— Data section —
-.-.-
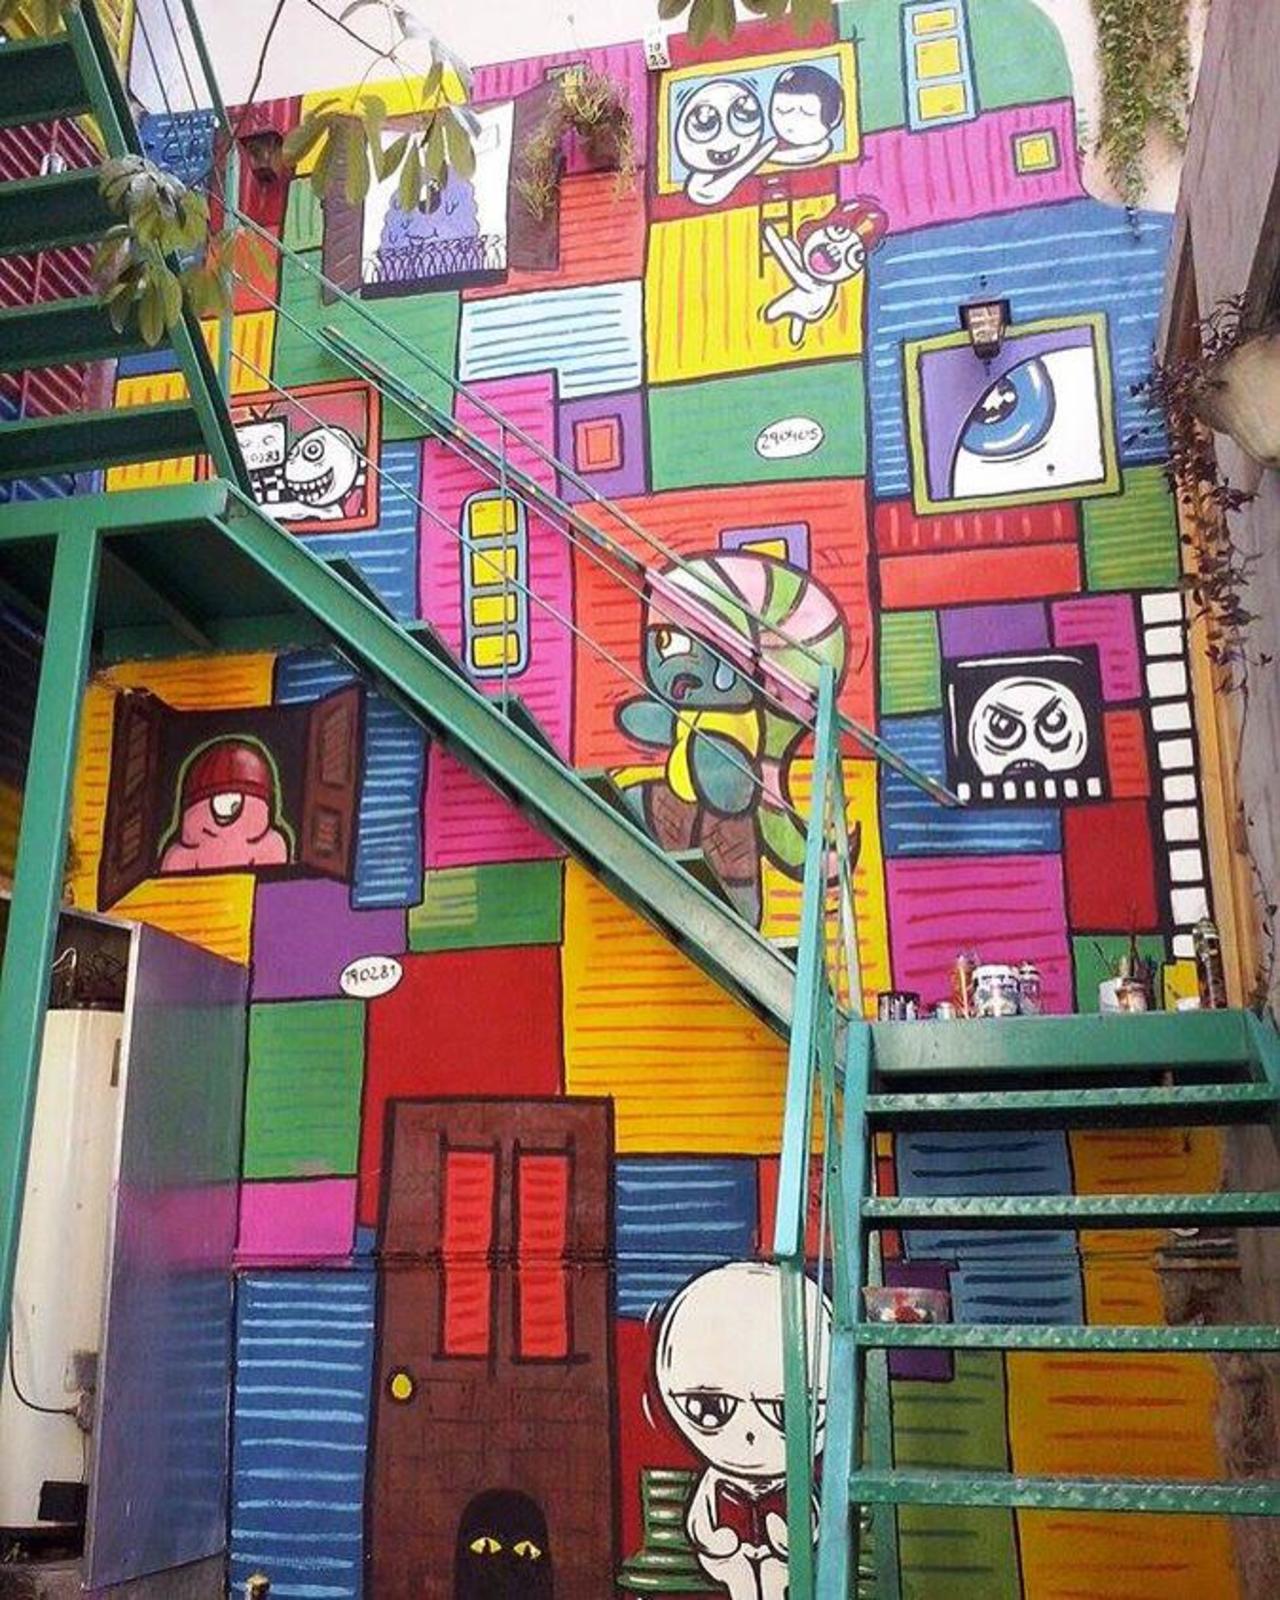 By @ nataliamolinero, Choco & GreenPink in Argentina
http://blog.globalstreetart.com/post/130400540941/by-nataliamolinero-choco-and-greenpink-in
#streetart #urbanart #graffiti http://t.co/JBjEfAkxHi
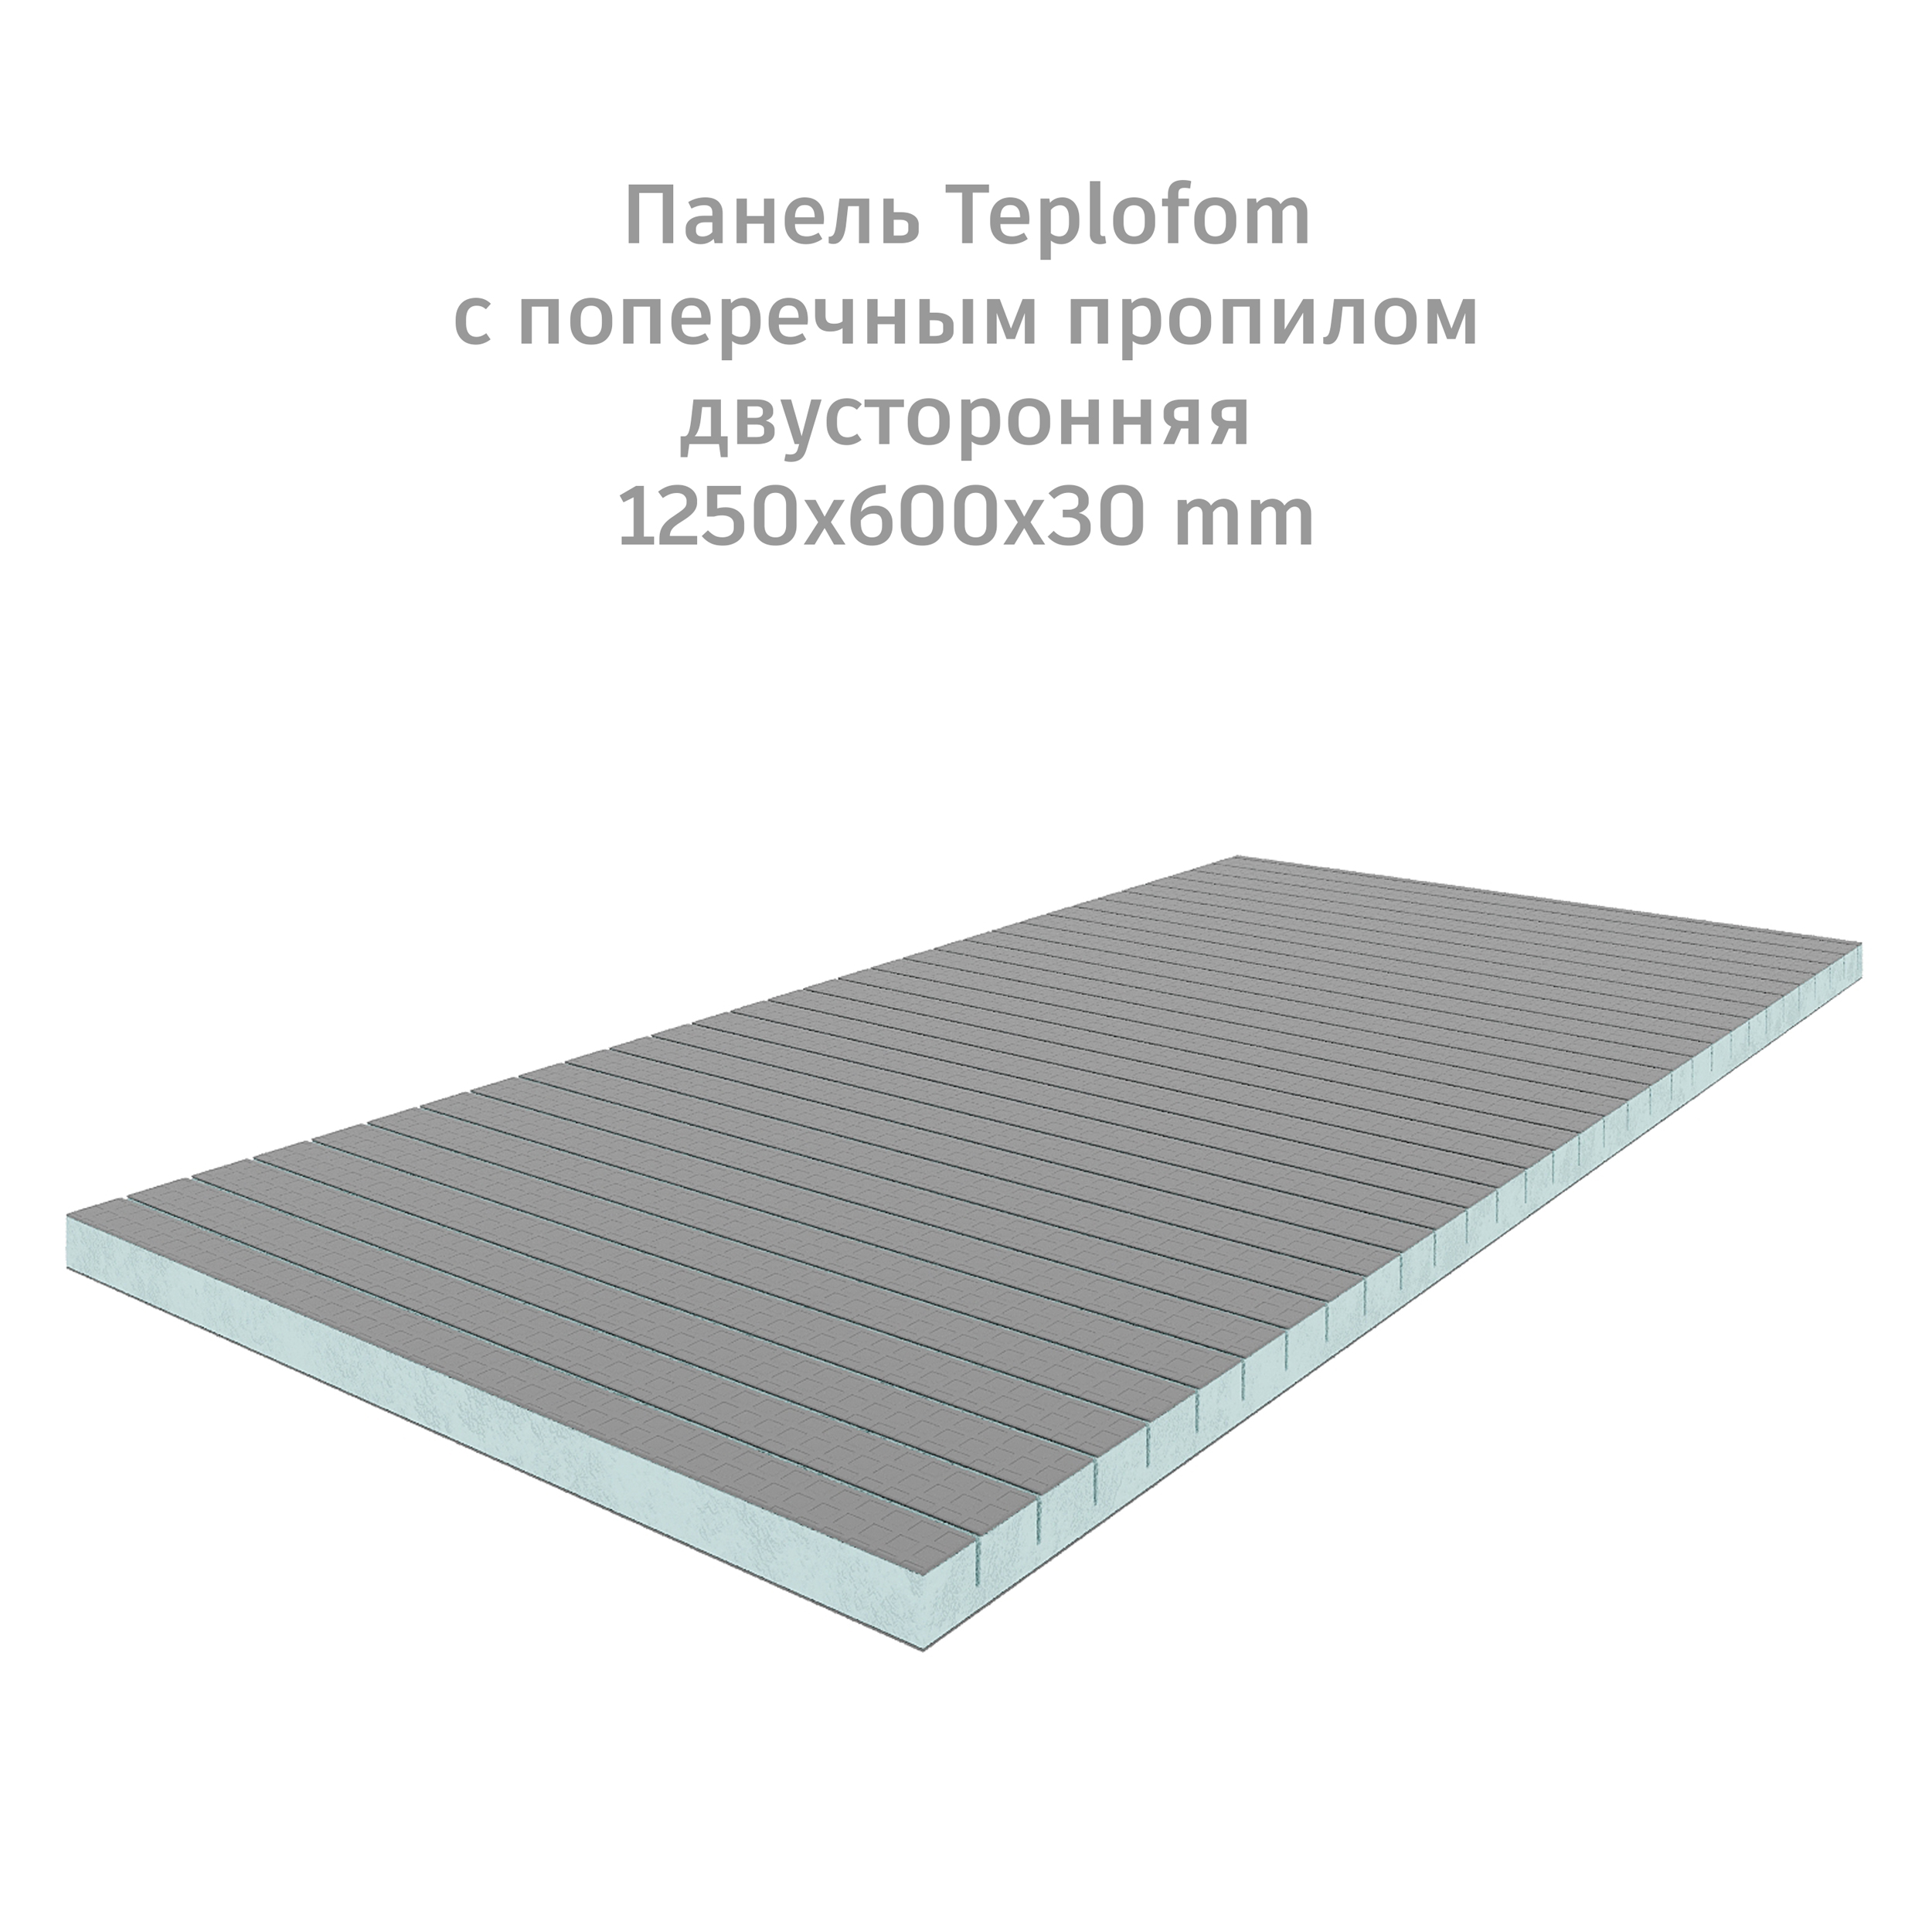 Теплоизоляционная панель TEPLOFOM+30 XPS-02 (двухсторонний слой) 1250x600x30мм поперечный
-.-.-
— To do —
Check each line of the data for the word "http", then state only how many lines hold it.

— Answer for the task —
2